» DATASET EXTRACT
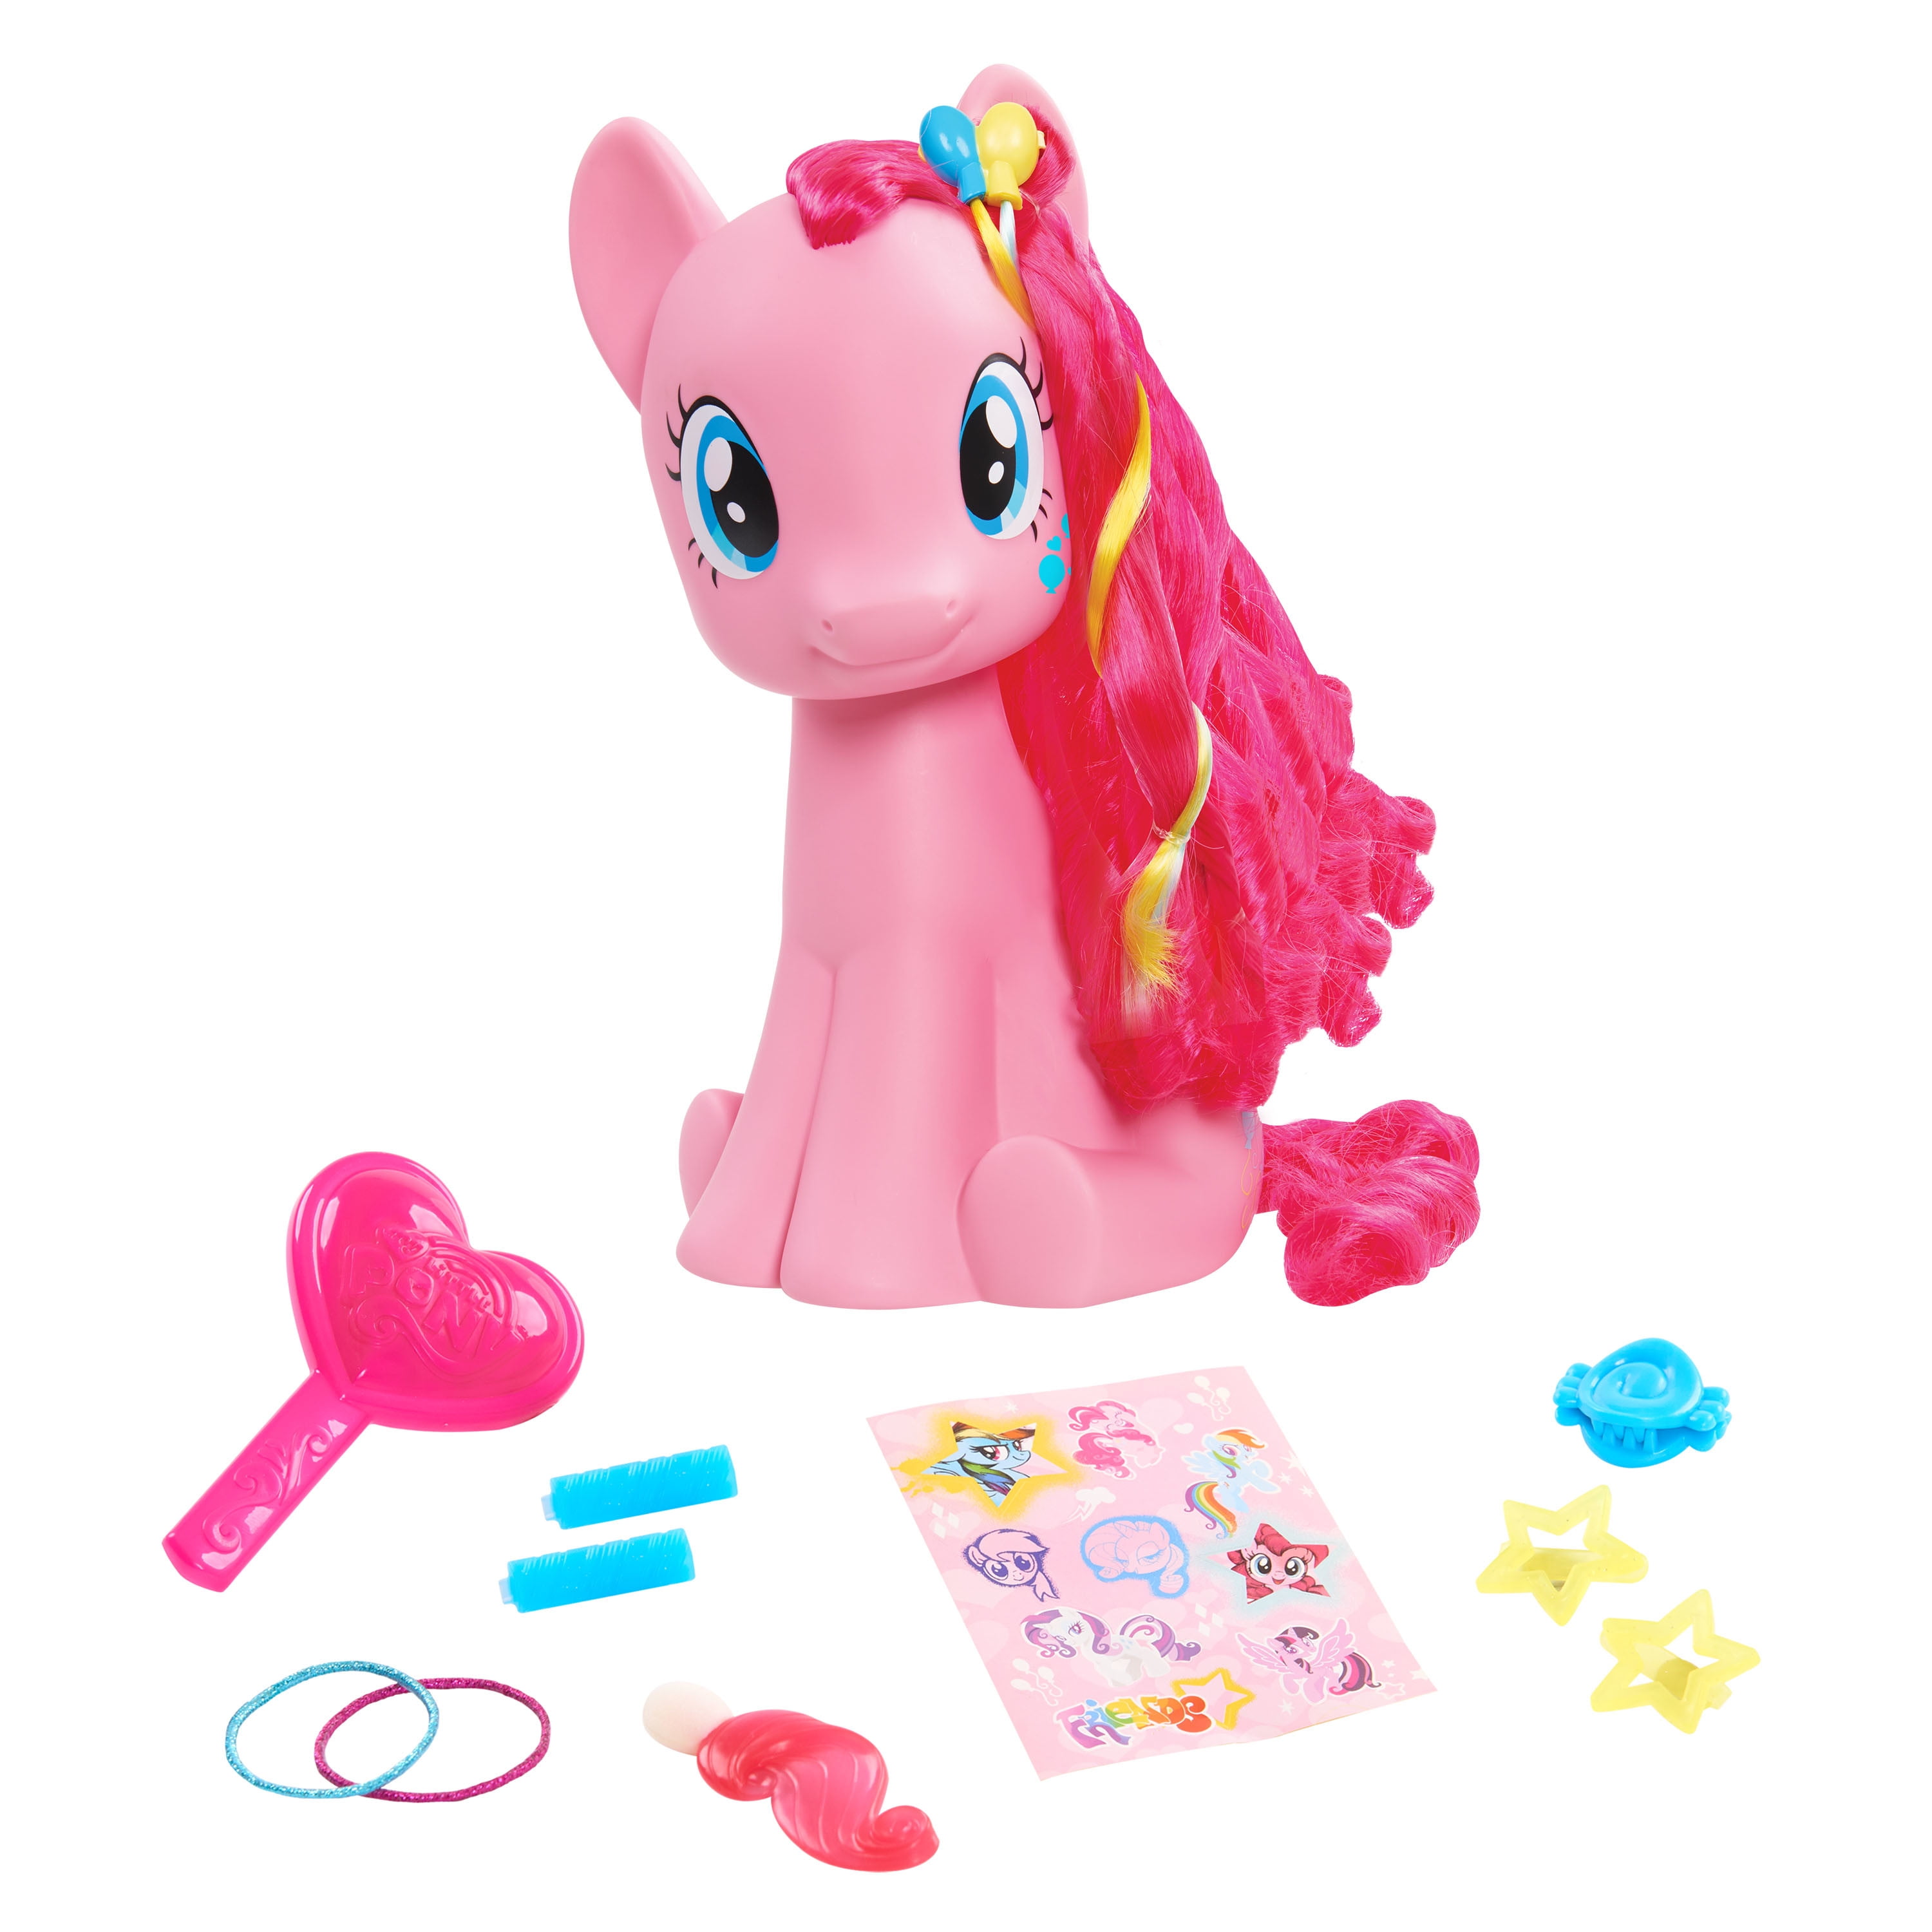 MY LITTLE PONY PINKY PIE  18 INCH VERY STRONG CHAIN  GIFT BOXED BIRTHDAY PARTY 
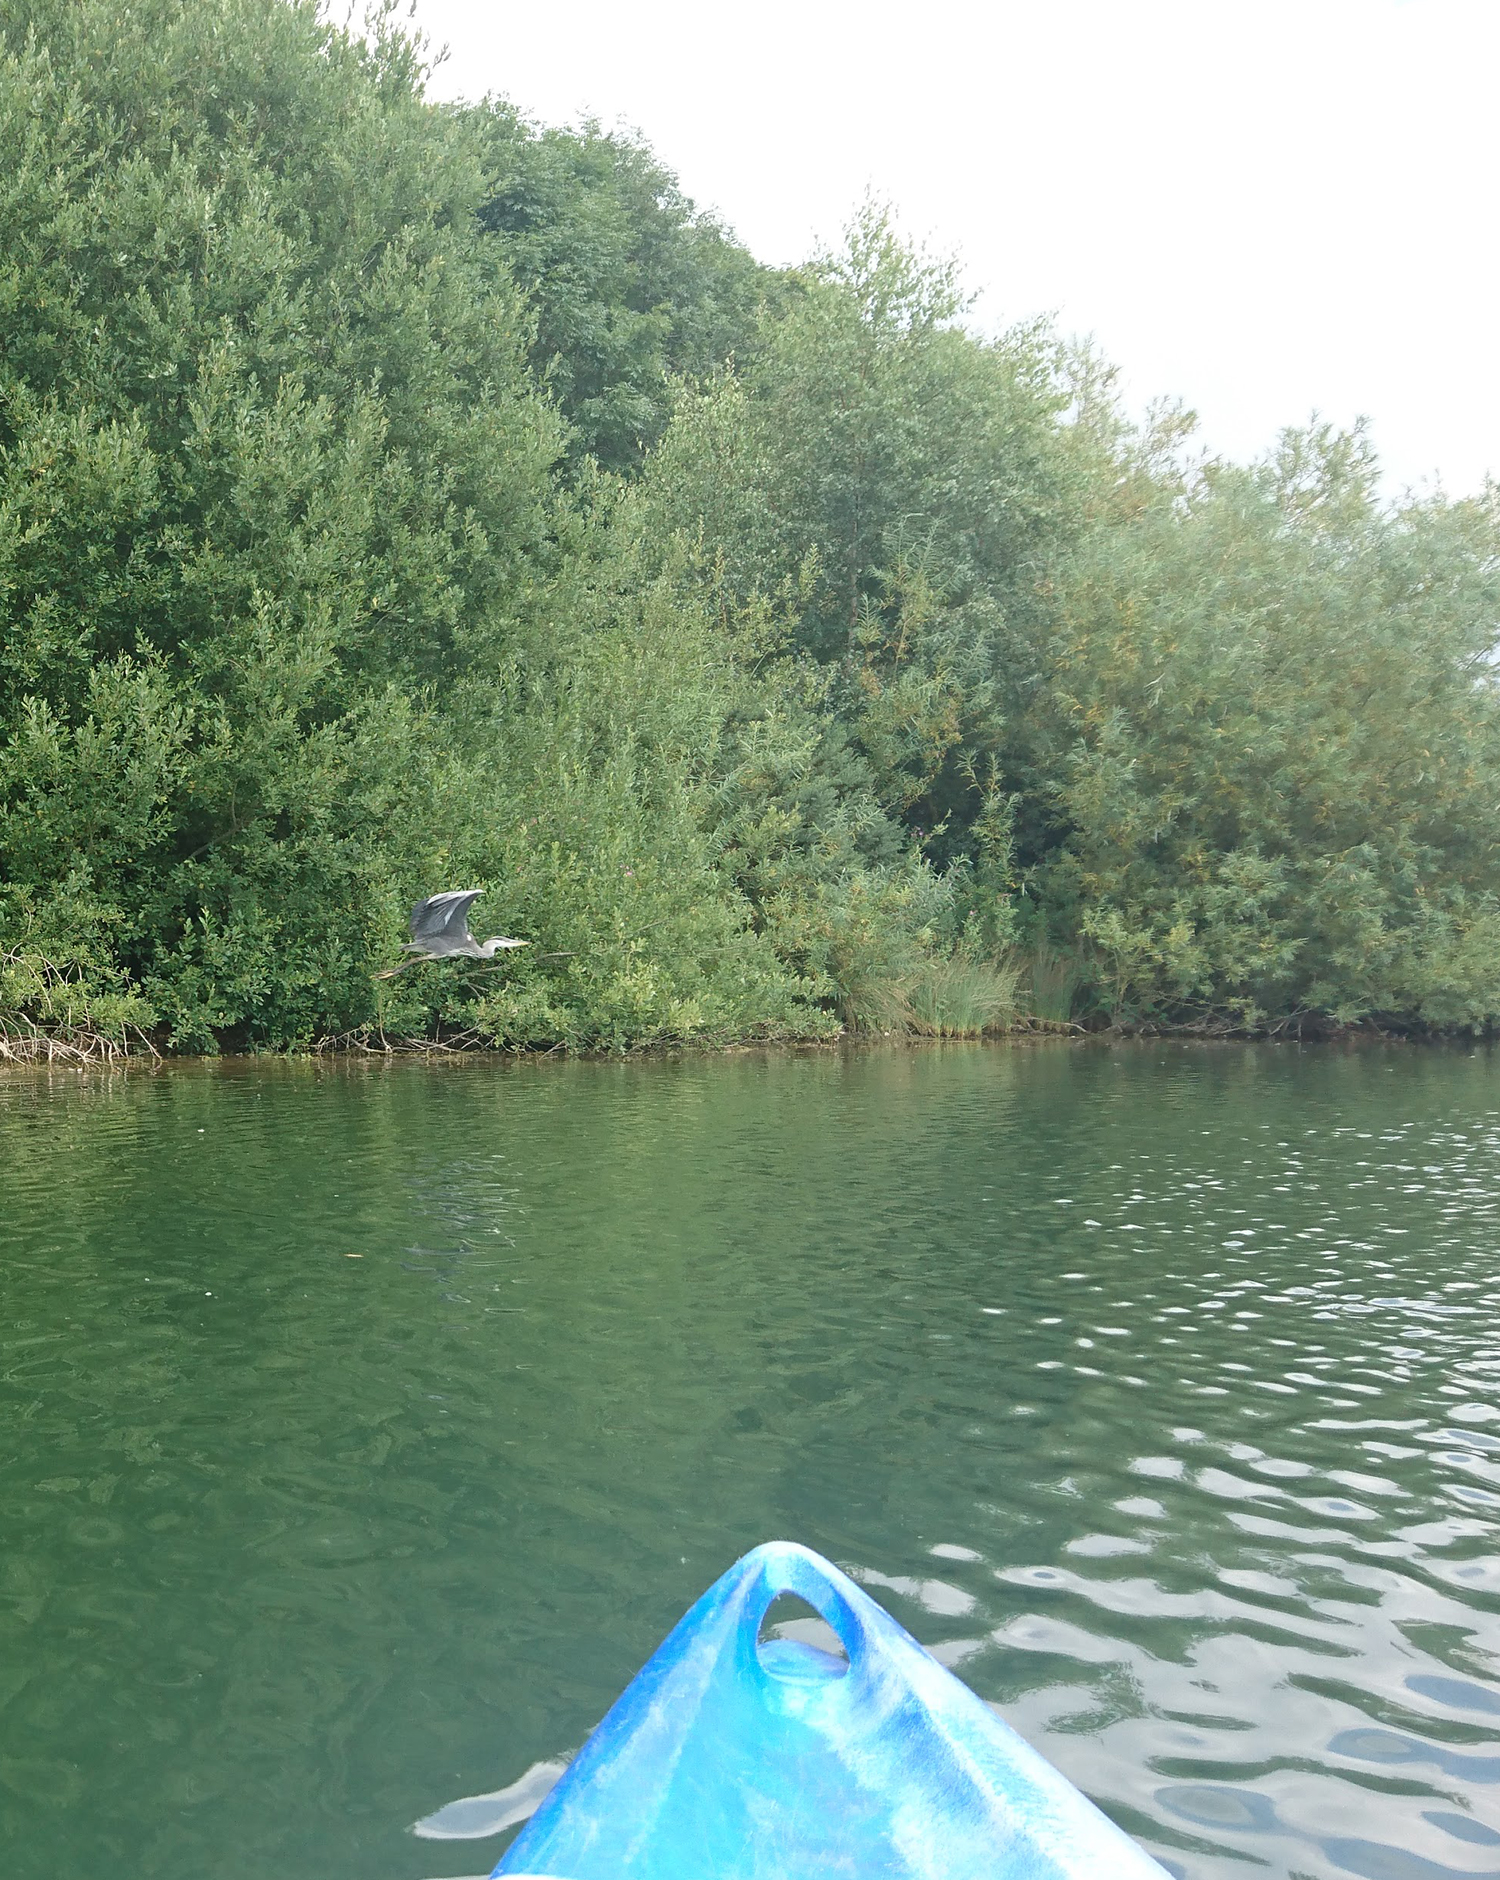 A Heron taking off in front of my Kayak
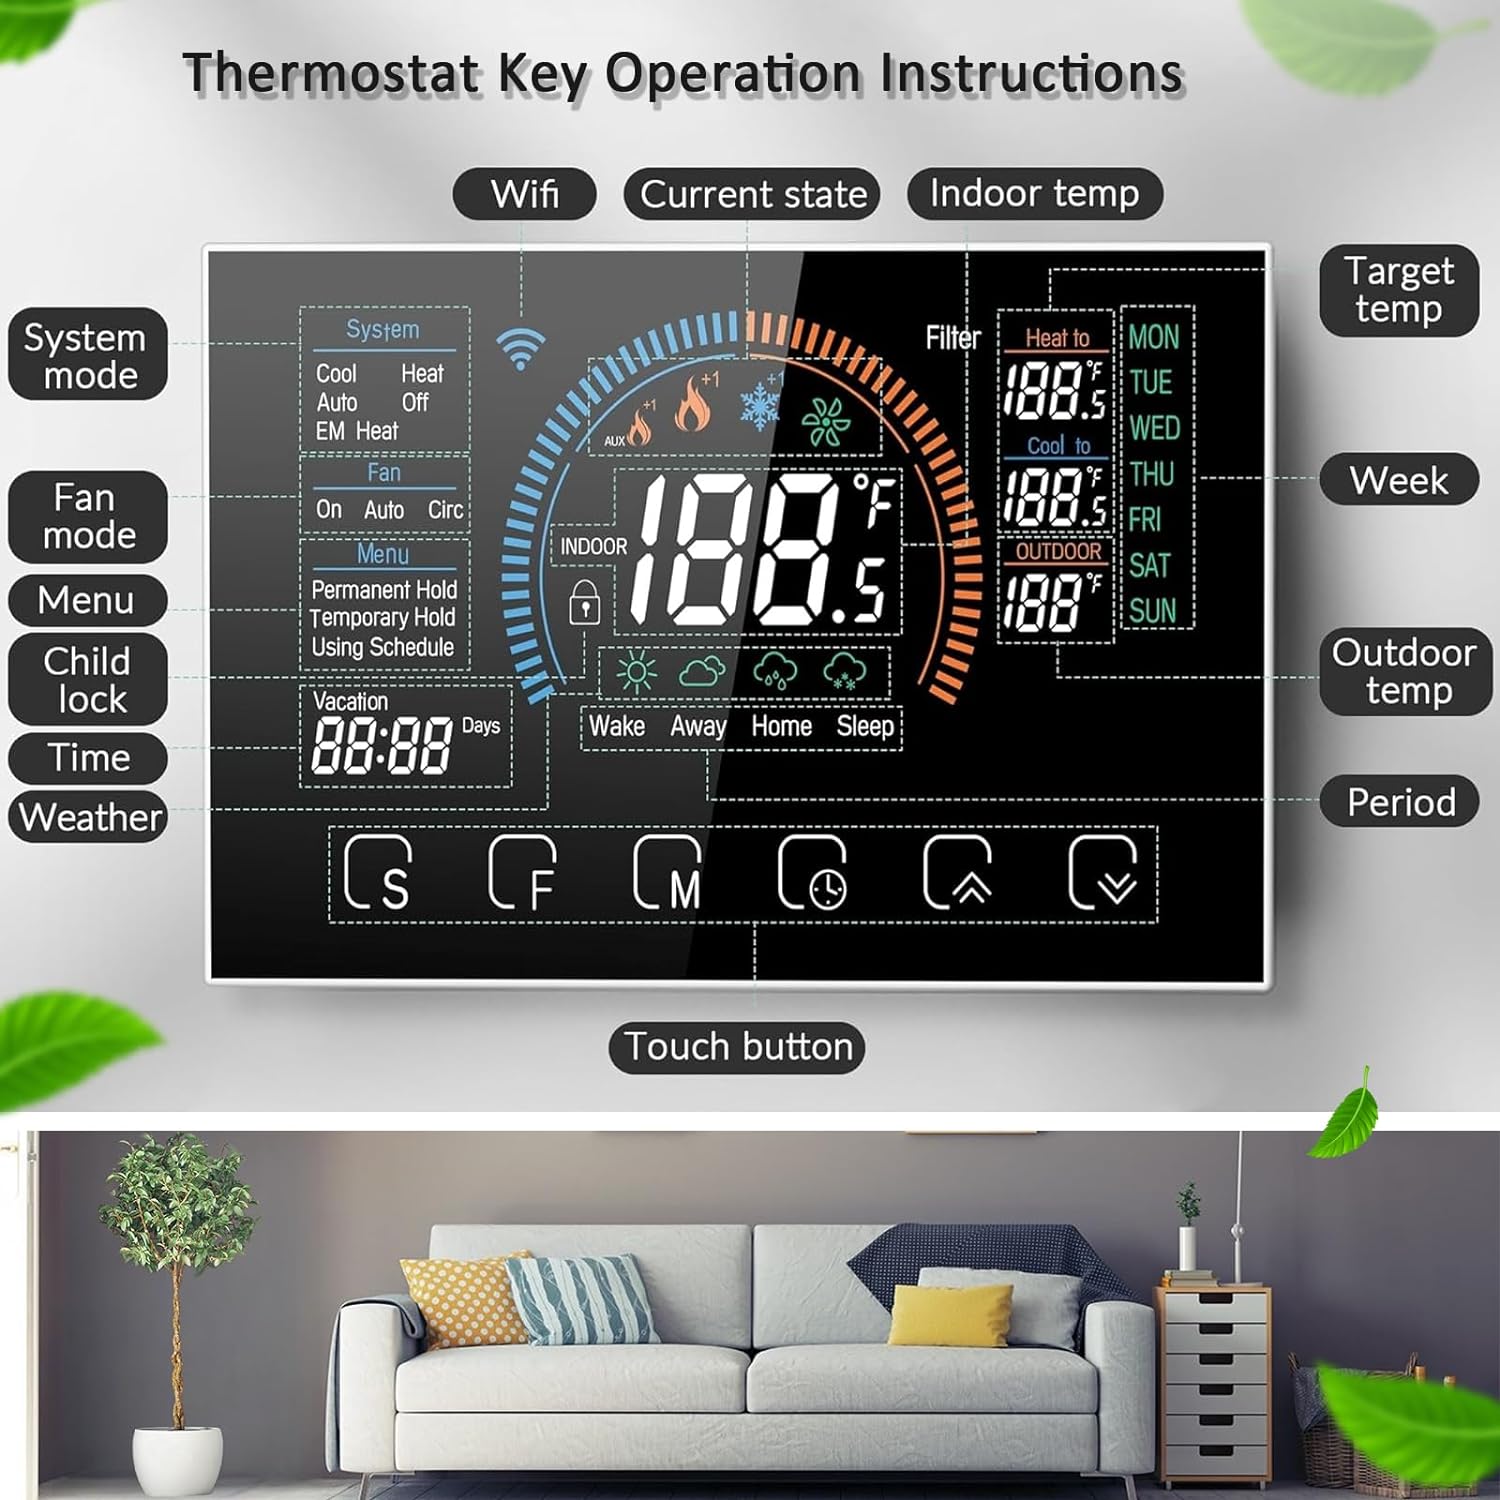 Bestechy Smart Thermostat for Home, WiFi Programmable Digital Thermostat for Air and Ground Energy Heat Pumps, C-Wire Adapter Included, LCD Color Screen, Voice Control, Energy Efficient, Easy DIY

» DESCRIPTION OF THE TASK
Without the pictures, retype exactly the lines from the one that holds "A Heron taking off in front of my Kayak" to the last line of the data above, both of them included.

» TASK OUTPUT
 A Heron taking off in front of my Kayak
 Bestechy Smart Thermostat for Home, WiFi Programmable Digital Thermostat for Air and Ground Energy Heat Pumps, C-Wire Adapter Included, LCD Color Screen, Voice Control, Energy Efficient, Easy DIY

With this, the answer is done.